First. An excerpt from Madeline Beach Carey's incredible essay on my unpublished English novel (and my two Arabic novels published in English translation).
In April 2020, when we were all still locked down in our homes, Rakha sent me this debut novel in English, Amna. I read the PDF of the manuscript over a few days and looked forward to eventually reading the published version. Yet, the manuscript, now titled The Dissenters (yes, there are more women committing suicide in this one) has not been picked up by any press, big or small, in the UK or the US. I’m perplexed by this, especially after Rakha’s two translated novels received such high praise.
In his previous work I had noticed the eye of a poet, a dreamer exploring a broken, fragmented city. Here I noticed a son, a writer telling perhaps his most important story. And Rakha had decided to tell it in English, one of his languages. Some people might call it his “second” language, but that is a misnomer. I thought about the choice of language only briefly at first, at the very beginning of the manuscript when I first encountered words in Arabic or French, unitalicized, perfectly at home, nested within the English. And then again months later when with some sadness I began to wonder why publishing in English would prove to be so difficult.

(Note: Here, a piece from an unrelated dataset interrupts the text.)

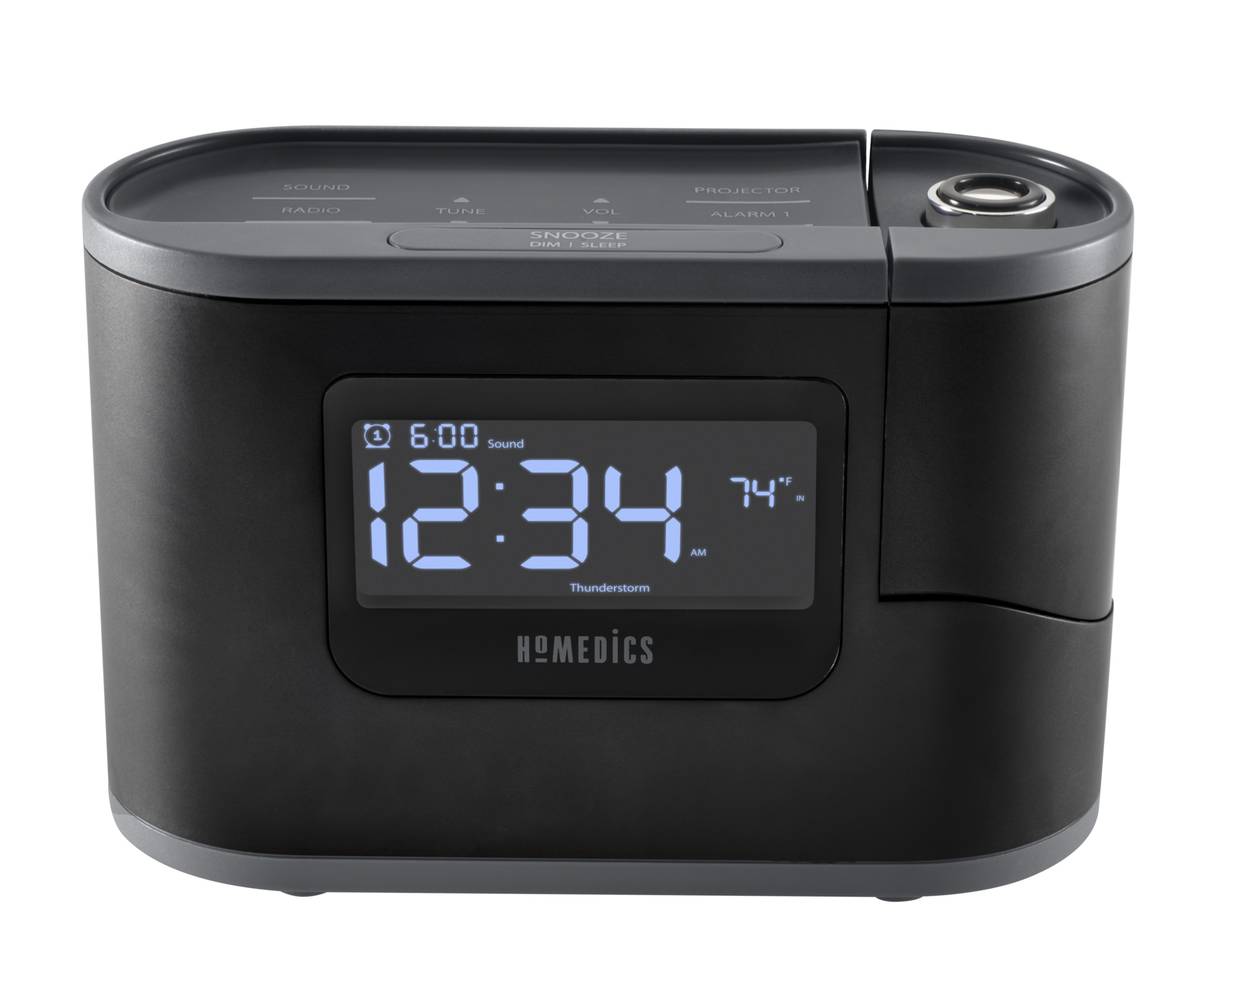 Homedics SoundSpa Recharged Projection Alarm Clock with Temperature Sensor

I felt sadness, but also surprise because I had felt that I was reading in an English of the place, of the time(s) and of the country:
A mawwal is one of three colors depending on the story it tells: white for moral and spiritual instruction; green for nature, virtue and benevolent love; red for human vice and destructive passion. All mawwals start with the ancient and mysterious call ya lail ya ain, the ubiquitous vocative followed by the word for night and then the word for eye. I can see now the two words invoke not so much a time of day or a sense organ as the night of the soul and the source of all vision. They evoke consciousness and its opposite, life and what happened to Mouna.
The language feels alive, varied, rich. Dare we say origin(al)? …
The Dissenters is a beautiful book, funny and raucous and also incredibly tender and sad, both in personal and political terms. While reading it, I was enchanted by Rakha’s voice in English, by his unique ability to mix formal and informal registers in a way that is at once authoritative and playful. The novel is maximalist, glamorous, and intensely psychological: the kind of thing I’m so desperate to encounter in contemporary English-language fiction and so rarely do. His use of Arabic words within the text is seamless, adding to the texture of the prose without distracting the reader or slowing down the action.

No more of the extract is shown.